No. It's a nice dream though. :-) You should take a look at the source code of
GNU chess or Crafty. You'll see that it has knowledge implemented each with a
value attributed to it, much like the piece values. So it will look at a
position and first calculate the material. Let's suppose it is equal so no
advantage for anyone there. Now for the positional knowledge:
Rook on an open file..............................+0.10
Rook on the 7th...................................+0.00 (no rooks on the 7th)
Doubled pawns.....................................-0.15
Isolated pawns....................................-0.05
Penalty for isolated pawn that is also doubled....-0.25
Etc.....
Total.............................................-0.35
And that will be the evaluation you will see.
> If it looked ahead 10-20 plies, wouldn't it realize that the other side
>had the upper hand atleast slightly-compared to if he did a move that would
>not close off the bishop?
No.

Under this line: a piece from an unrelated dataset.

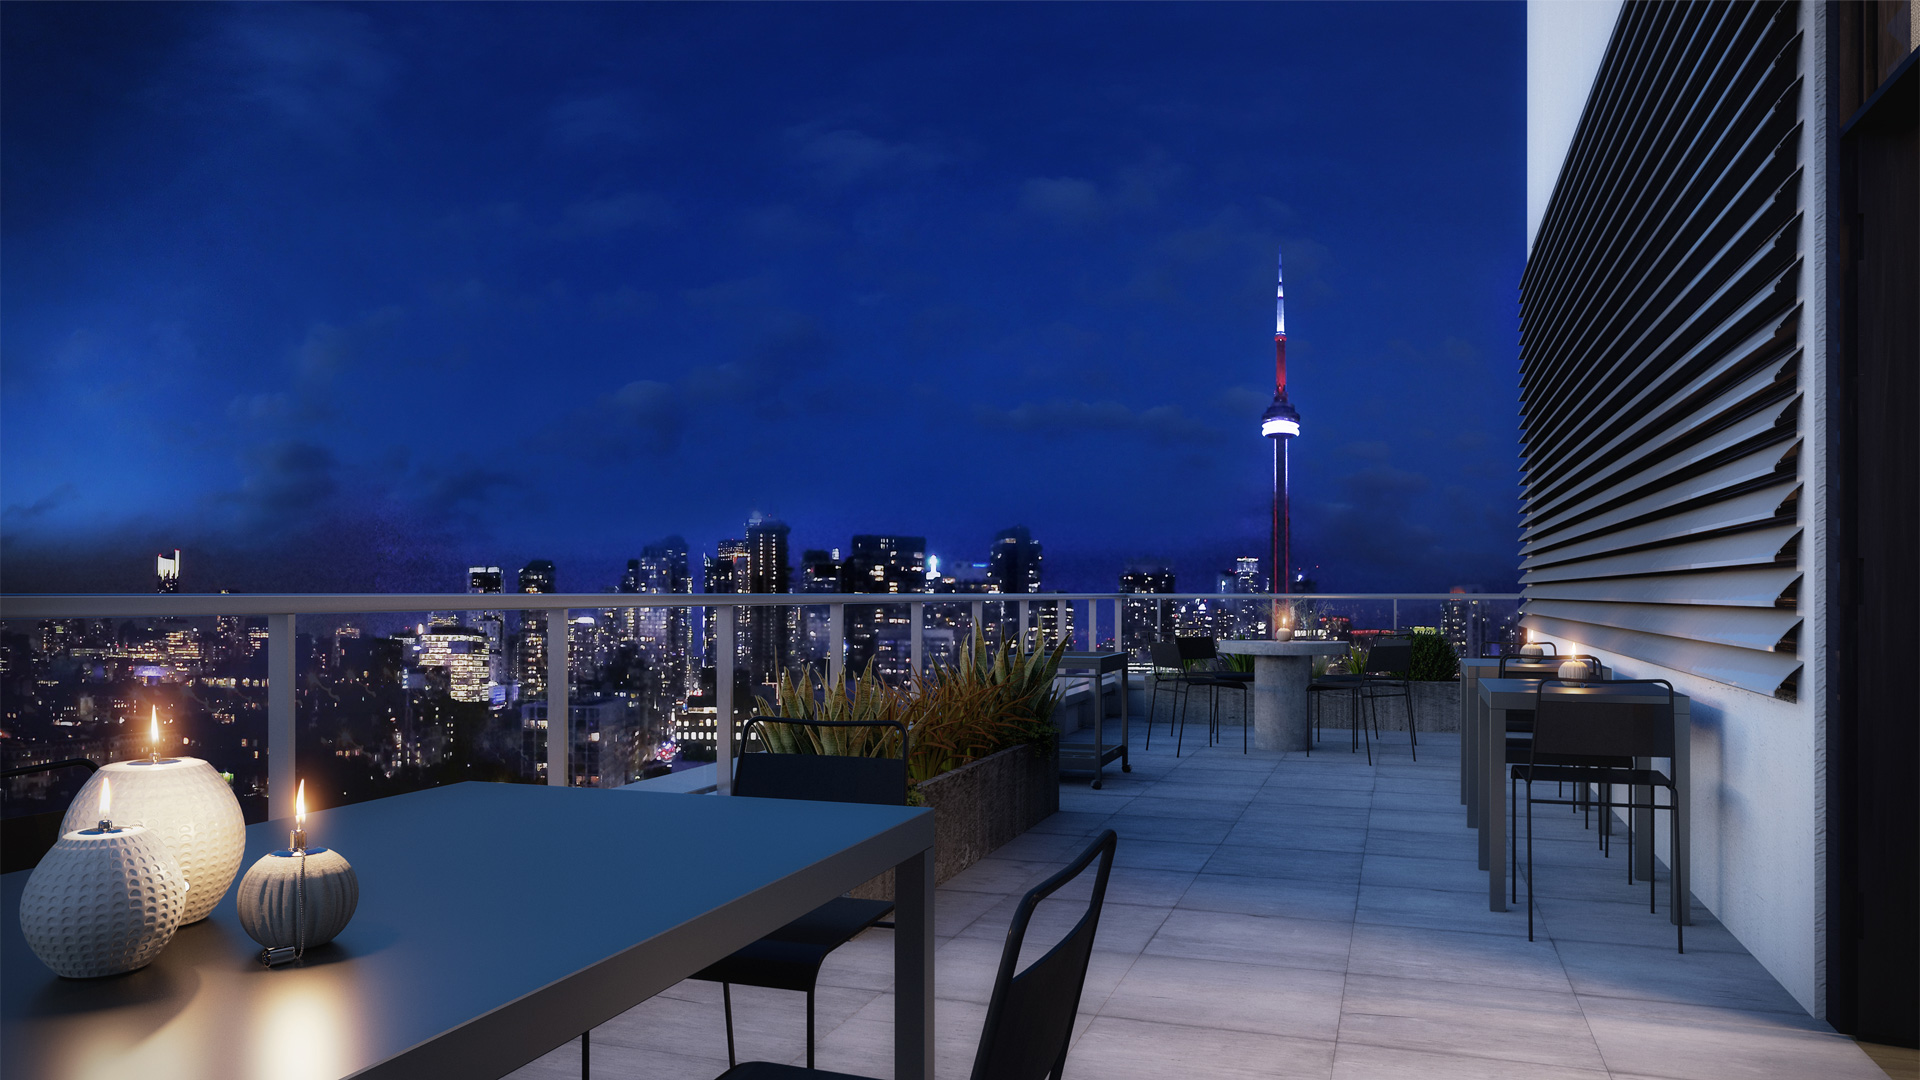 Concept art of Kingly Residences rooftop deck at night with tablets, candles and CN Tower lights in background.
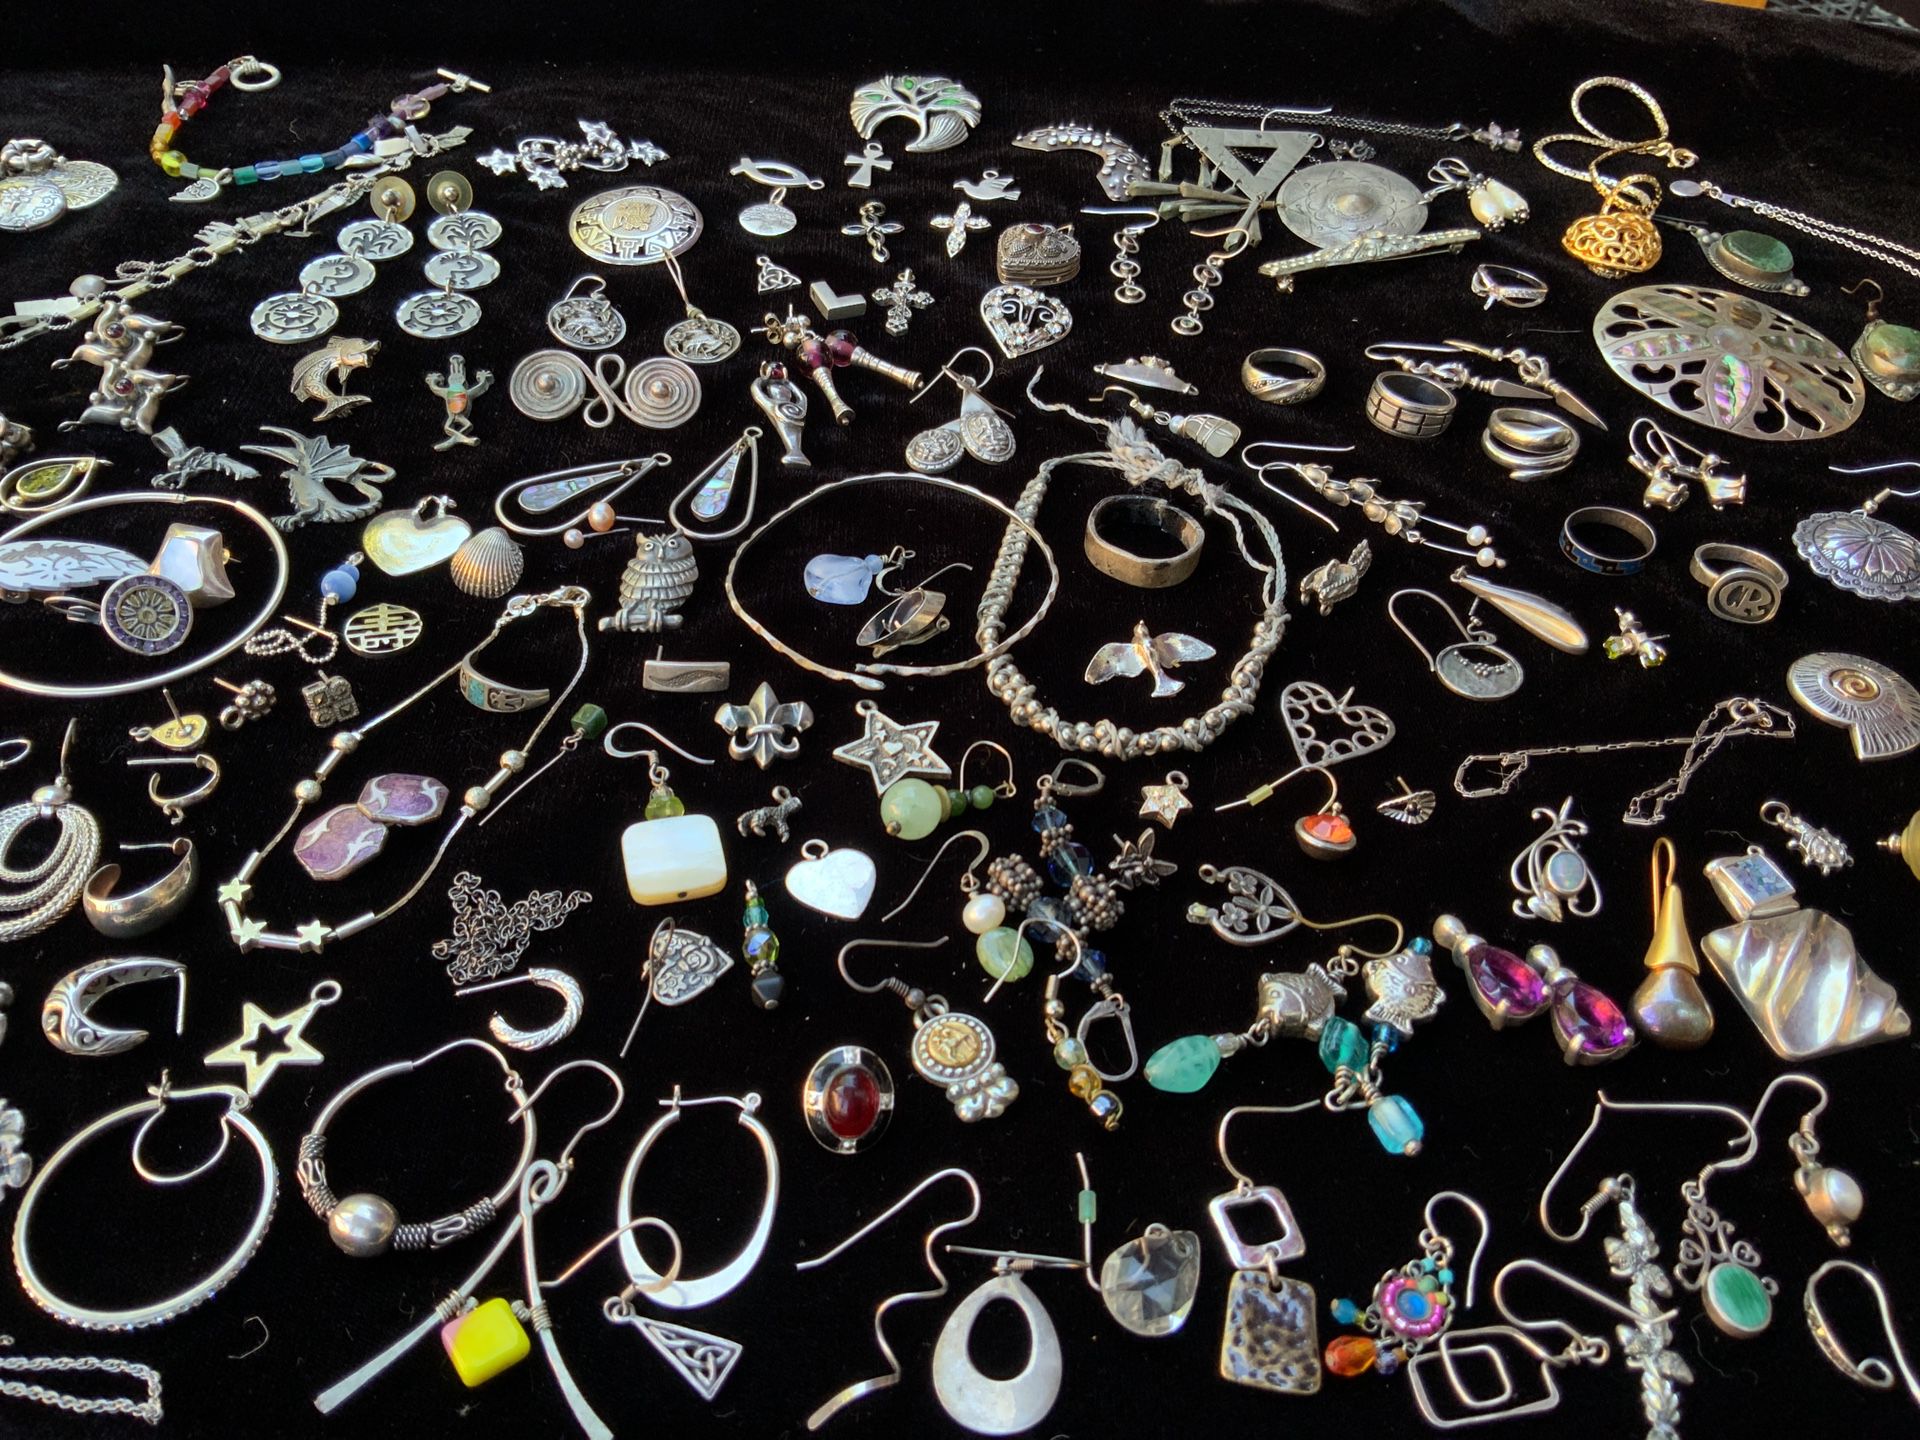 Huge 3.68lbs Lot of 925 Sterling Silver Scrap and Wearable Metal for Jewelry, Melt, Resale

How will the computer know the bishop can NEVER get out unless you show it
how to see this? If you limit it to the range of the piece, it will only see the
piece has a limited range, but unless you also show it how to see the cases
where the bishop will never get out and give it a negative value accordingly, it
will only see that it has a slightly limited range (much like any position).
You can't even give it a fatal value for a limited range as this would be wrong
most of the times, so the ONLY way is for either the program to see a forced
loss (which is what this should cause) which in the Rebel game was beyond the
range (though probably not the undersatnding) of even Deep Blue, or teach it how
to see this phenomenon.
> The evaluation function of rebel is of course at fault, but I don't think
>the actual knowledge need be the only thing to enable positionally wise
>moves to be made by a computer.
A ply can only reveal what the computer understands. See my discussion with VV
as I don't want to start a lot of cutting and pasting. (Plus it's pretty late
here).
Albert Silver
> (If you still don't agree,I wonder what Dr. Hyatt would say.)